# EXERCISE OBJECTIVE
The listing below should be written out word for word, with its pictures removed.

# DATA BELOW
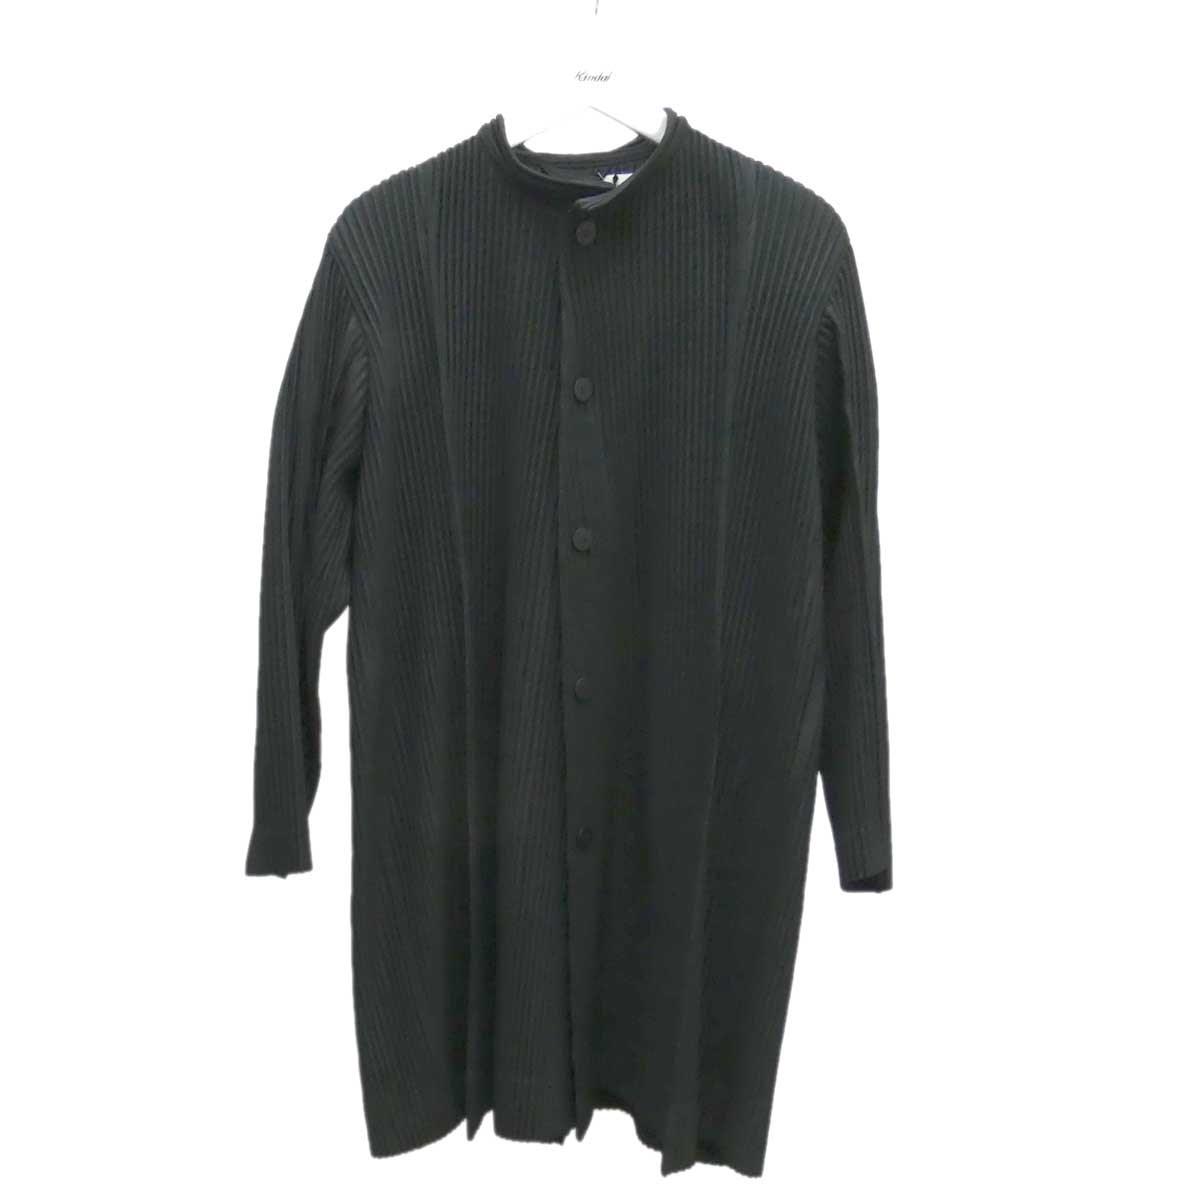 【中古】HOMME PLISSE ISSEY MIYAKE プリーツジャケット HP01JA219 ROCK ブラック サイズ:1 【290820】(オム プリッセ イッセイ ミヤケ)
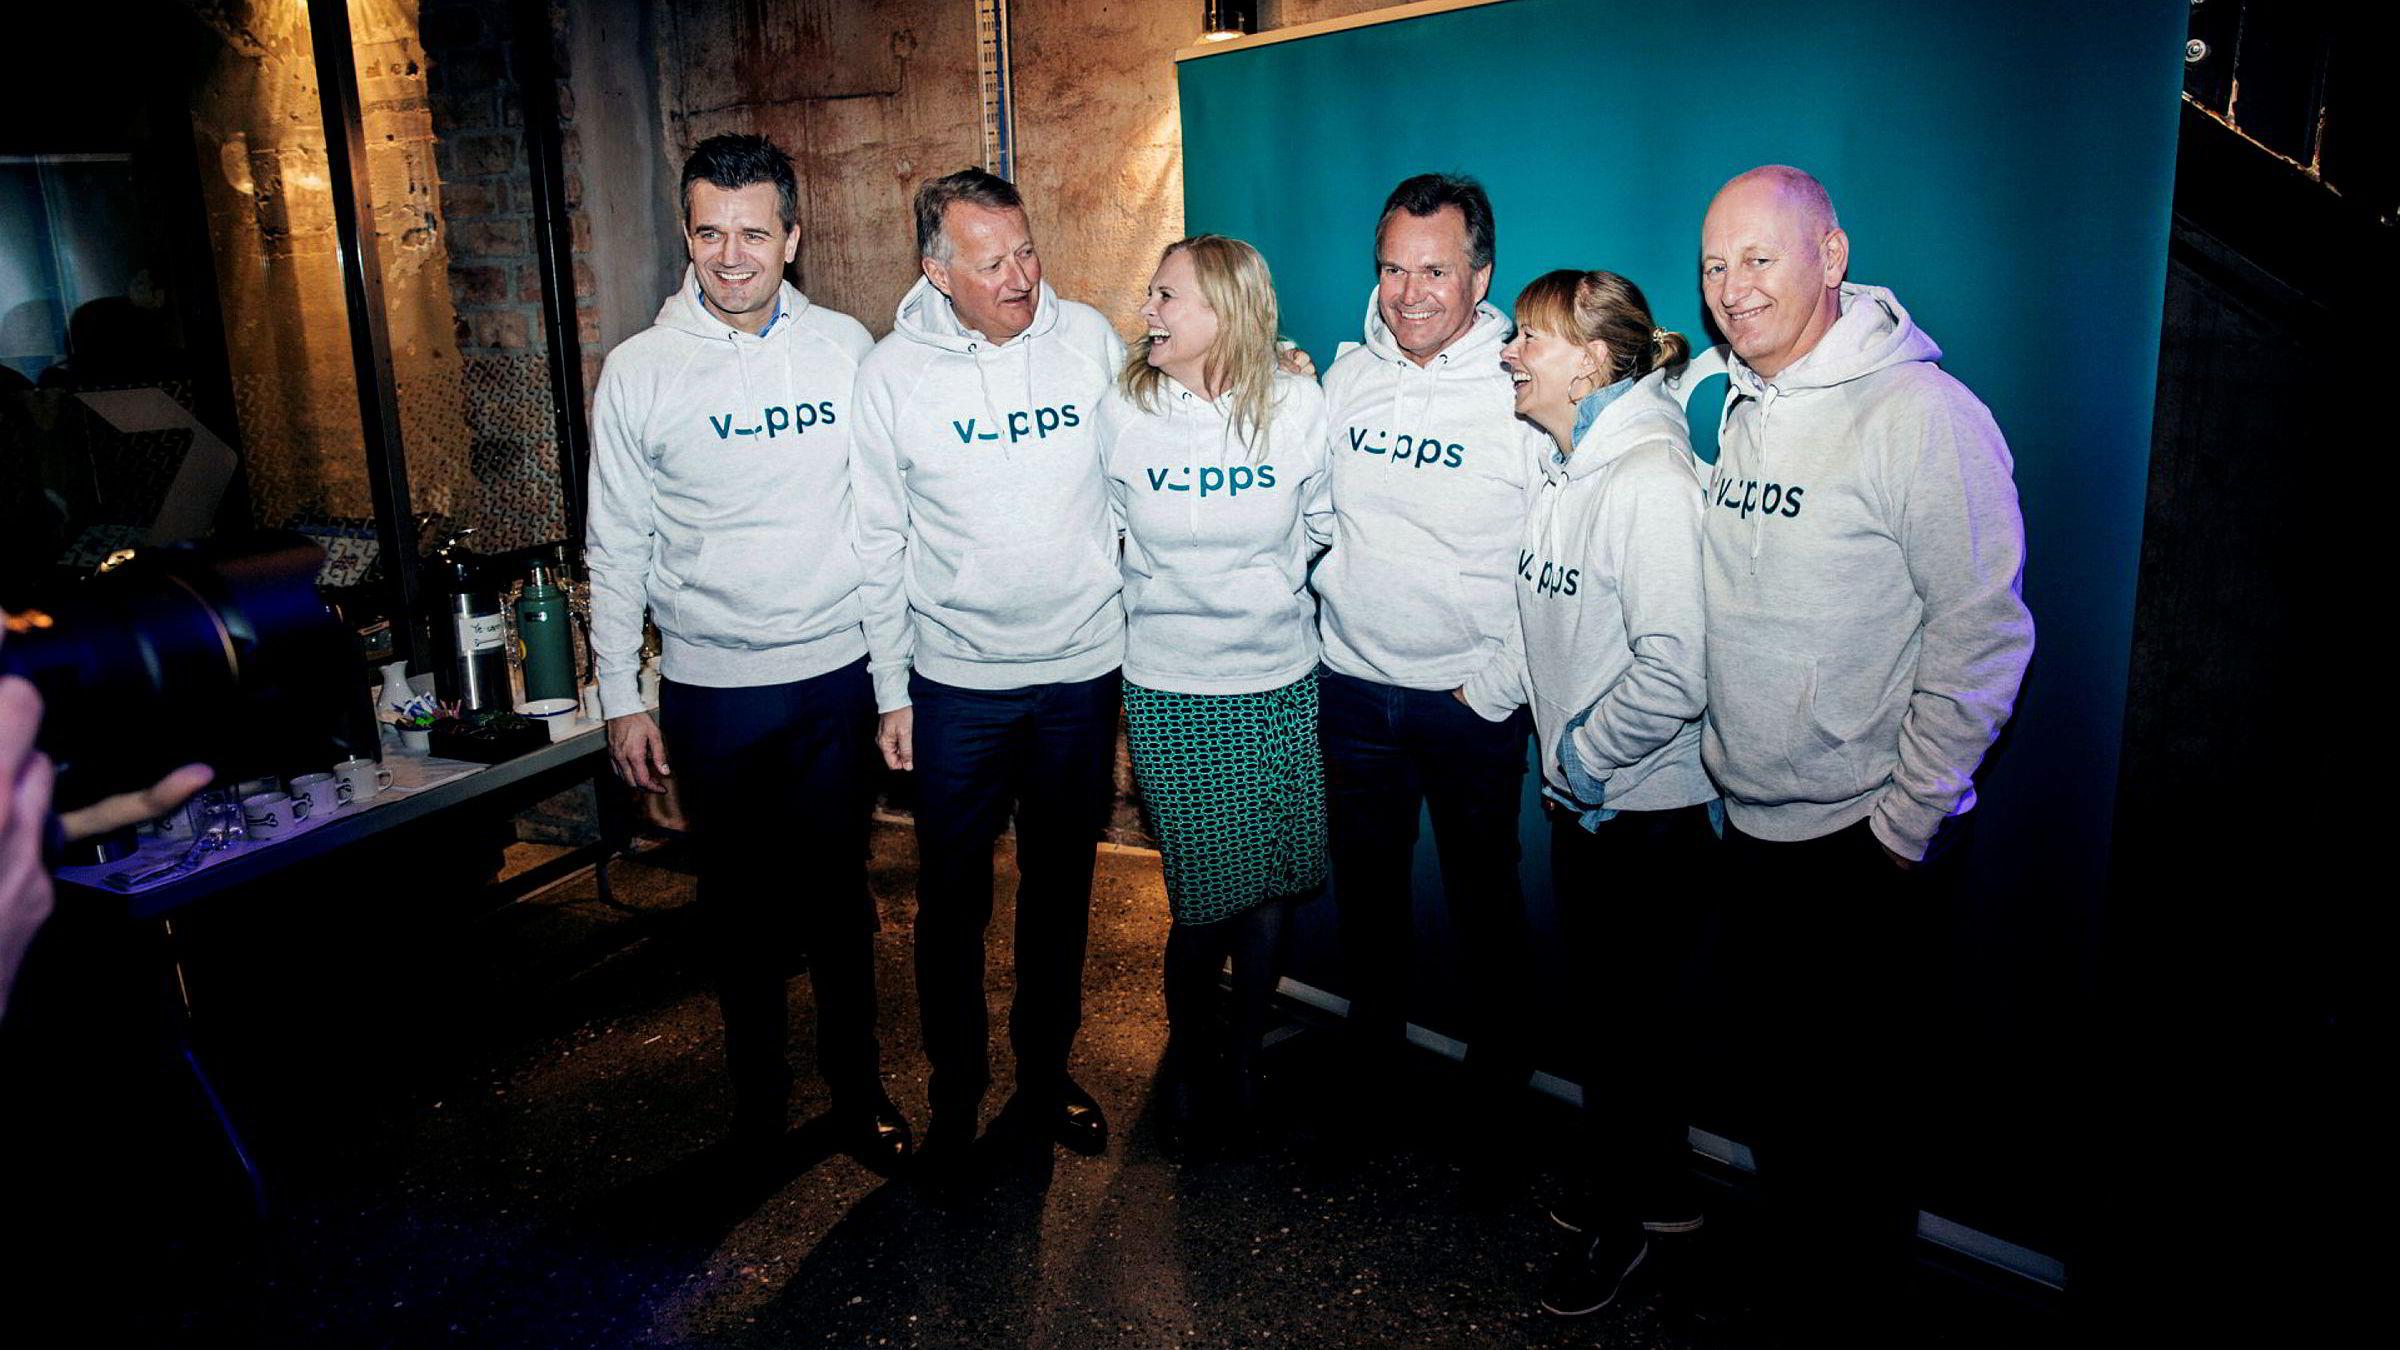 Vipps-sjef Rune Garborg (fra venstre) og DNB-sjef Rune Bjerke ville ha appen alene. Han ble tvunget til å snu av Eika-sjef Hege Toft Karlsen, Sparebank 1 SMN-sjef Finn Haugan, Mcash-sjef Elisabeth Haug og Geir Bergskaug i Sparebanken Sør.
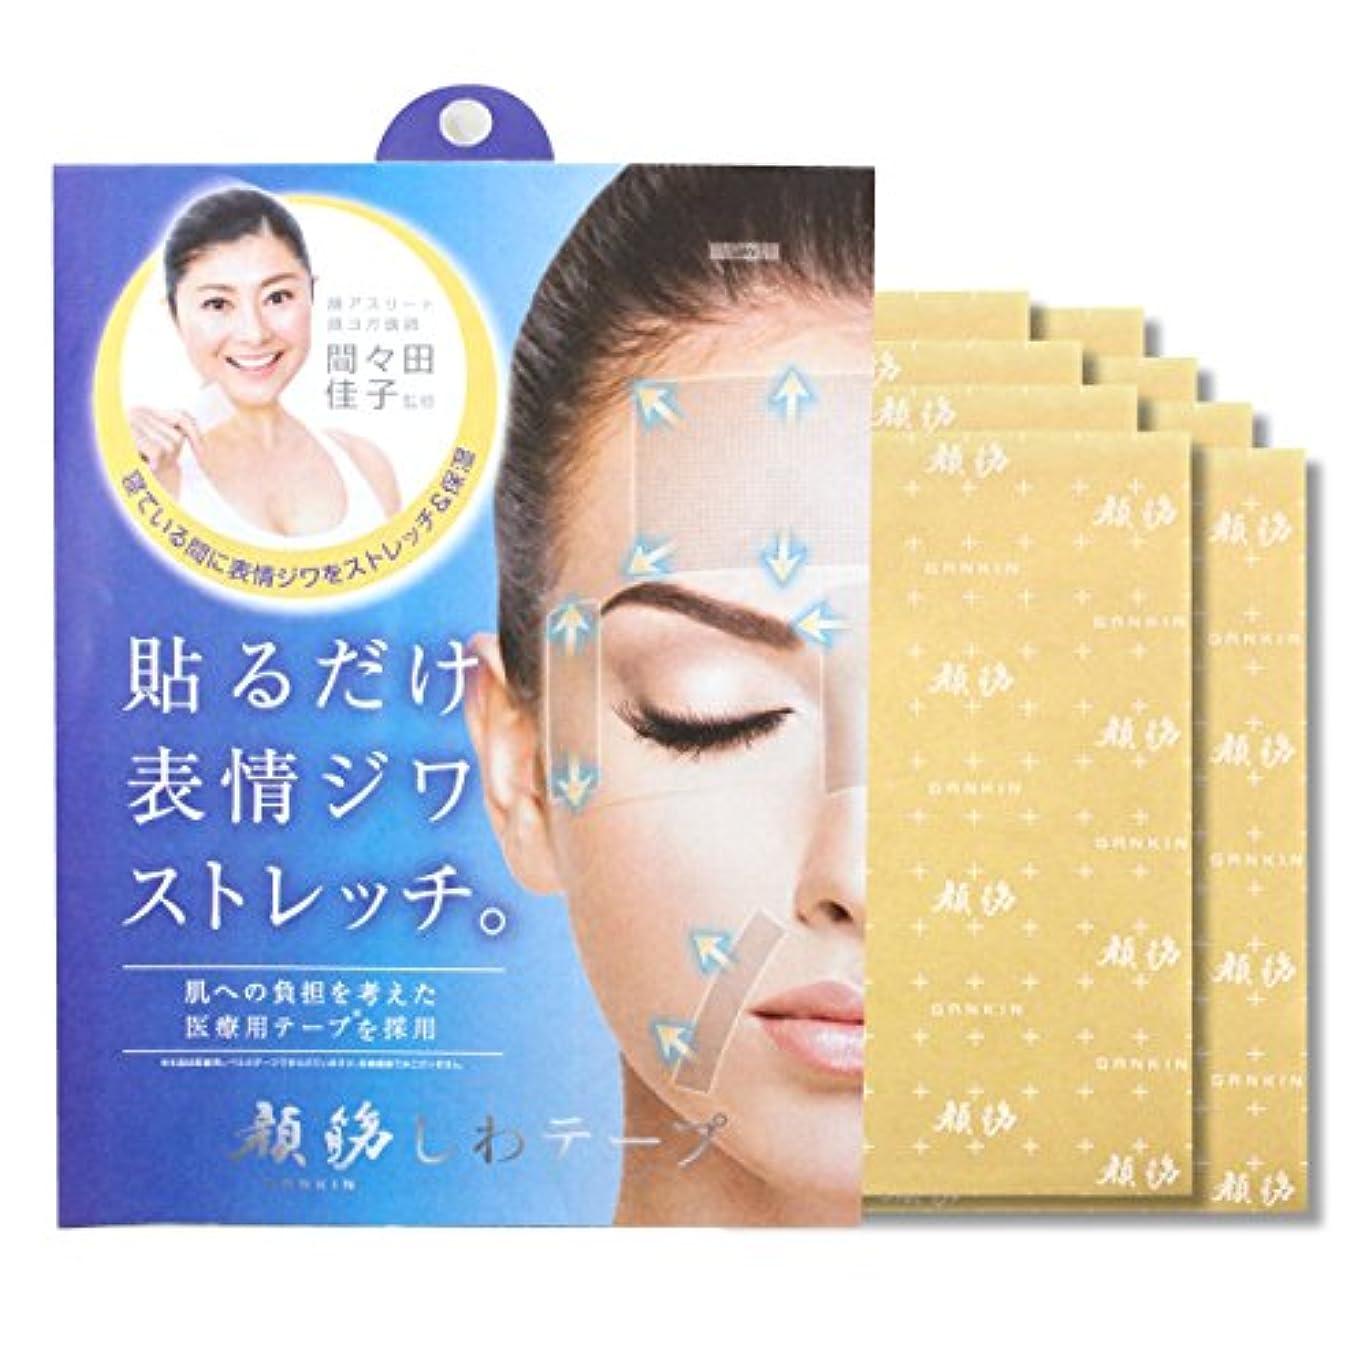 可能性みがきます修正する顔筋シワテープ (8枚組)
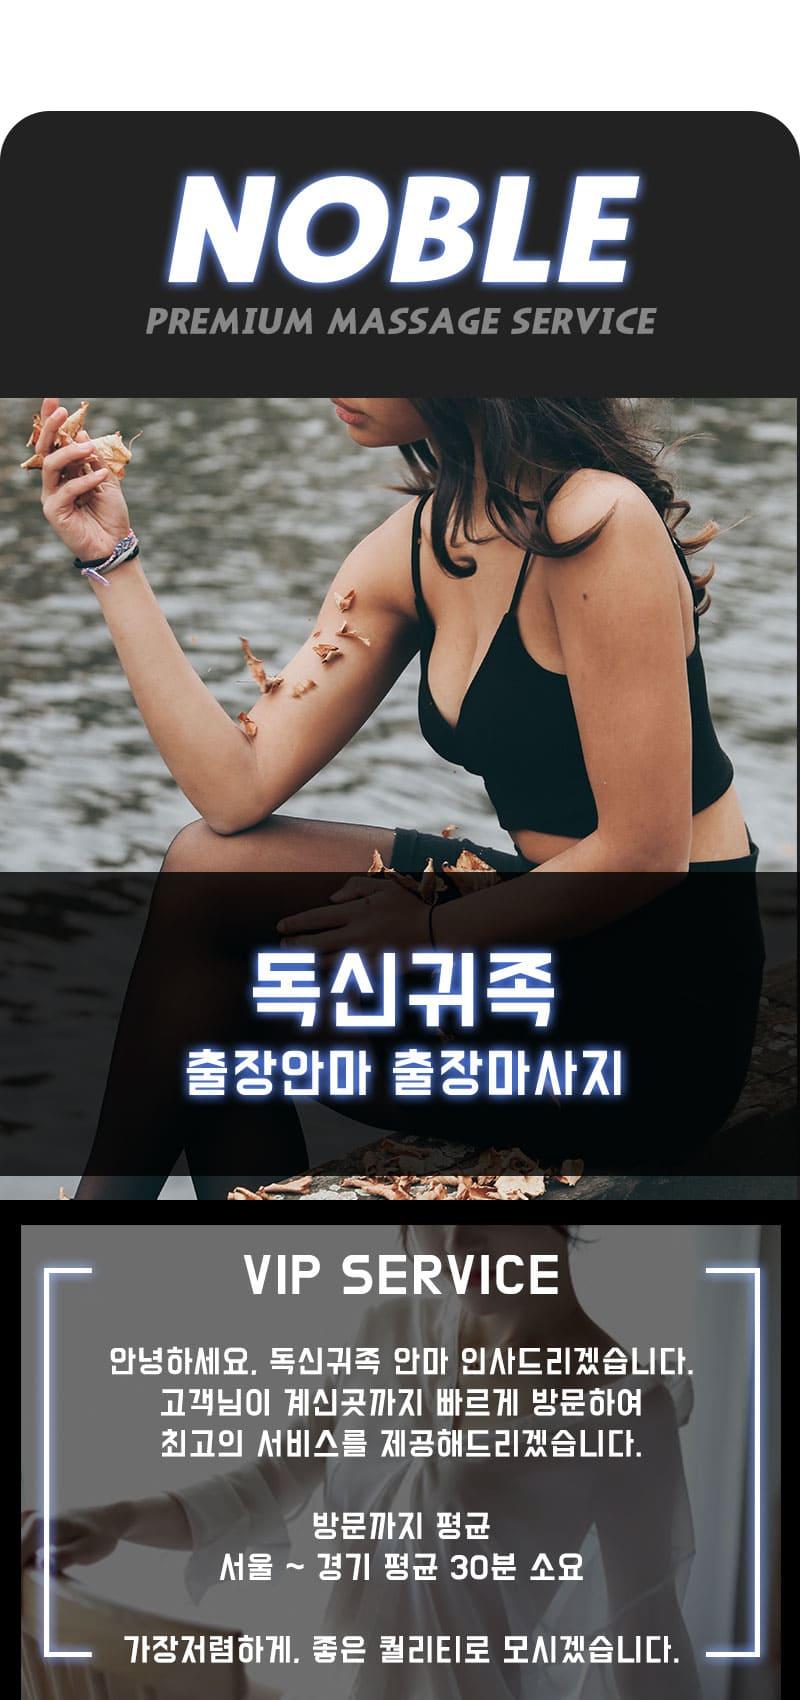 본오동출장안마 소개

# REPLY TO THE EXERCISE
 【中古】HOMME PLISSE ISSEY MIYAKE プリーツジャケット HP01JA219 ROCK ブラック サイズ:1 【290820】(オム プリッセ イッセイ ミヤケ)
 Vipps-sjef Rune Garborg (fra venstre) og DNB-sjef Rune Bjerke ville ha appen alene. Han ble tvunget til å snu av Eika-sjef Hege Toft Karlsen, Sparebank 1 SMN-sjef Finn Haugan, Mcash-sjef Elisabeth Haug og Geir Bergskaug i Sparebanken Sør.
 可能性みがきます修正する顔筋シワテープ (8枚組)
 본오동출장안마 소개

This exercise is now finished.